What you need to do —
From the first line of the listing below to the line with "Classic Range - Matte", print each line exactly, and nothing more. Leave out the pictures.
[Provided material]
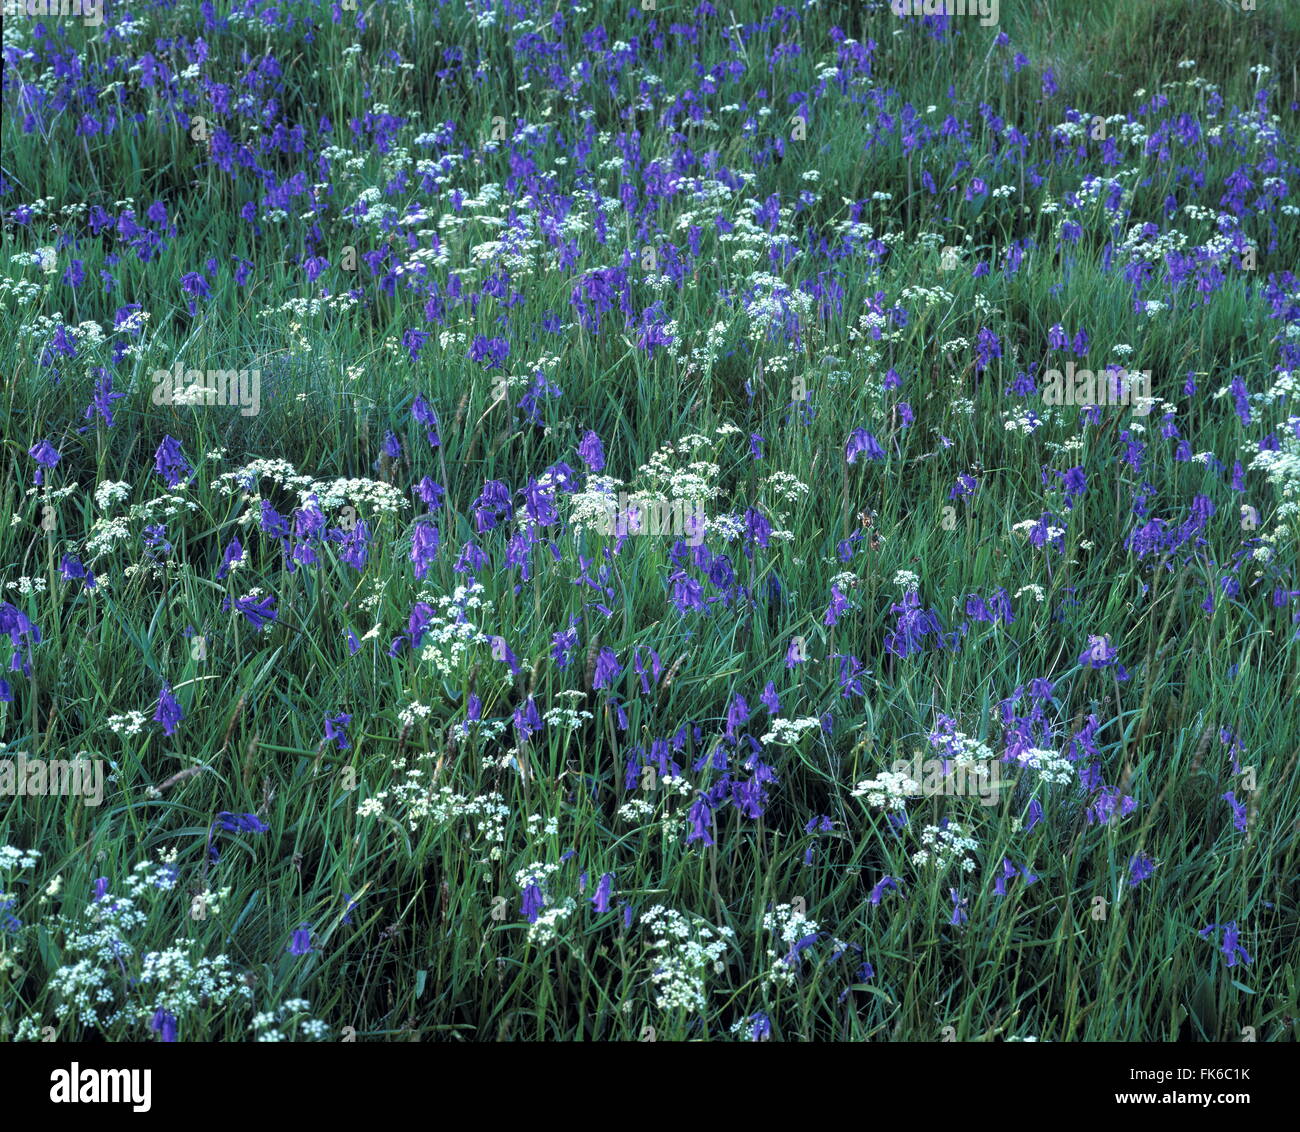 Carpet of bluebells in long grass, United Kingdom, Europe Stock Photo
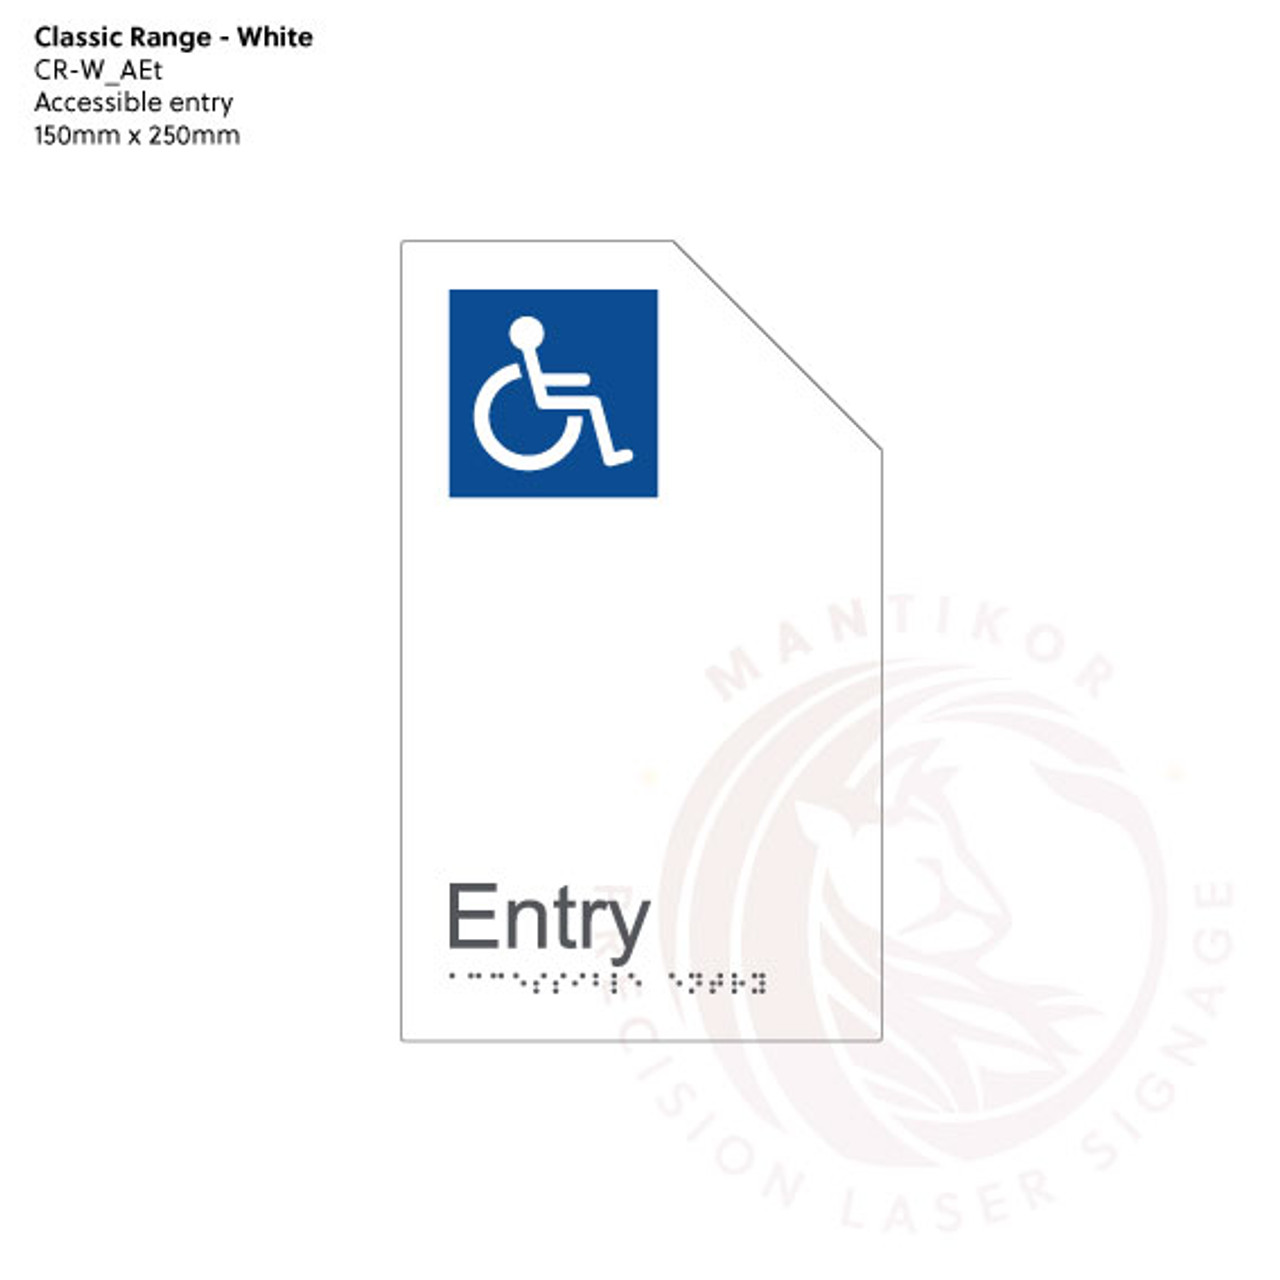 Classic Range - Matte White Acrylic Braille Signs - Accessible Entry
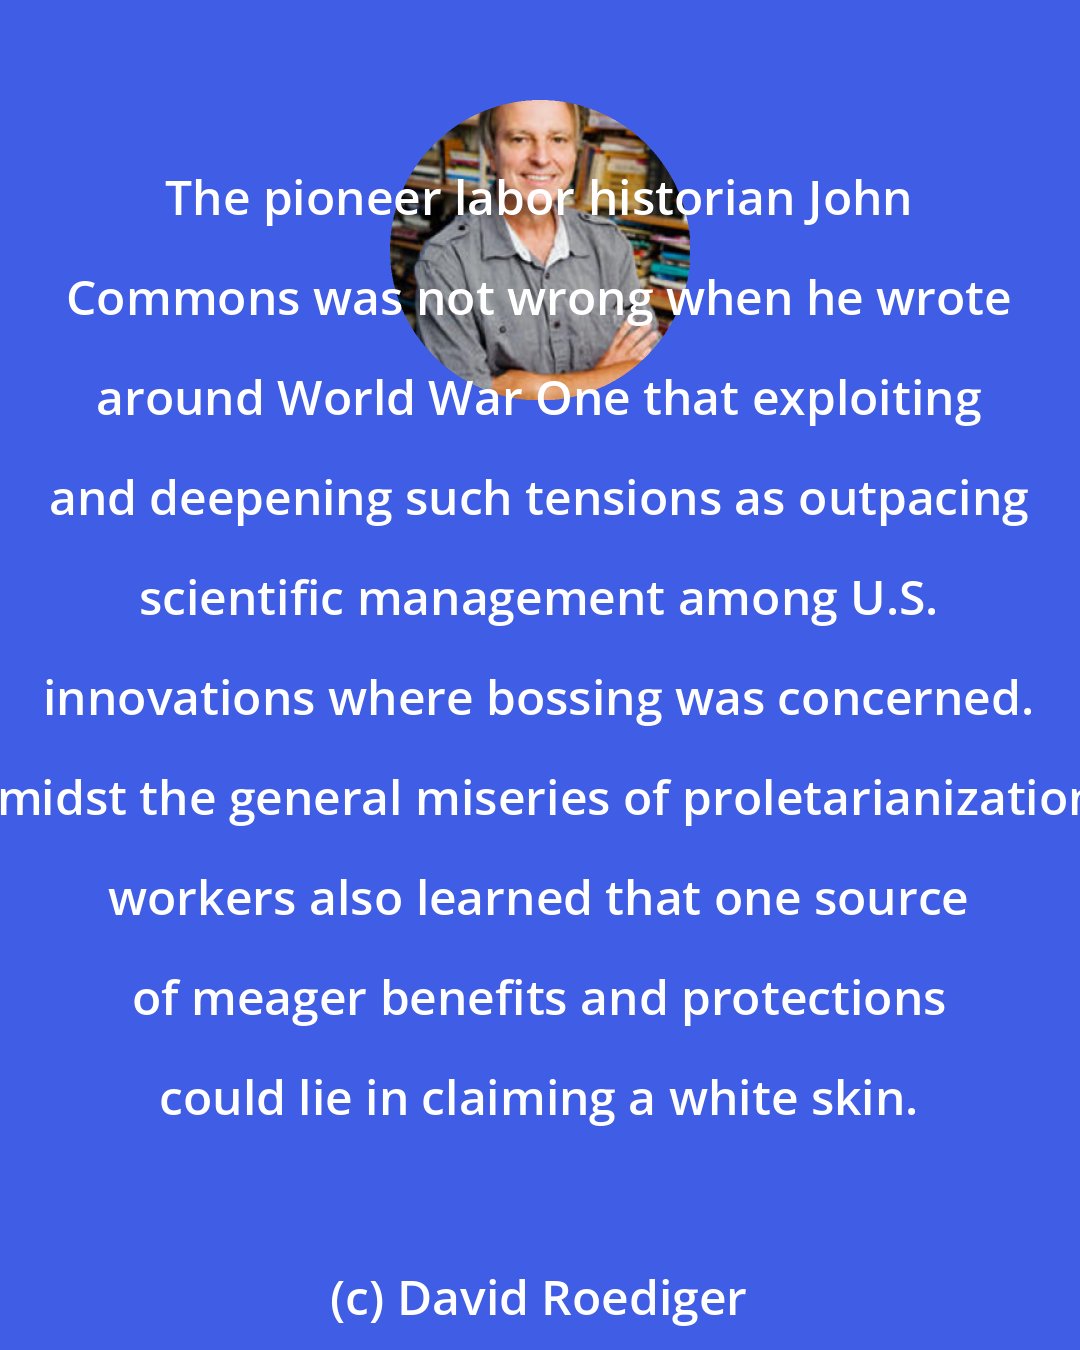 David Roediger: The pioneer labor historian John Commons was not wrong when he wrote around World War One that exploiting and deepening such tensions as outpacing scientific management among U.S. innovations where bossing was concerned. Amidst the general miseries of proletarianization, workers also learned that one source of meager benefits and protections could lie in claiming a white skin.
[/Provided material]
Completed exercise —
 Carpet of bluebells in long grass, United Kingdom, Europe Stock Photo
 Classic Range - Matte White Acrylic Braille Signs - Accessible Entry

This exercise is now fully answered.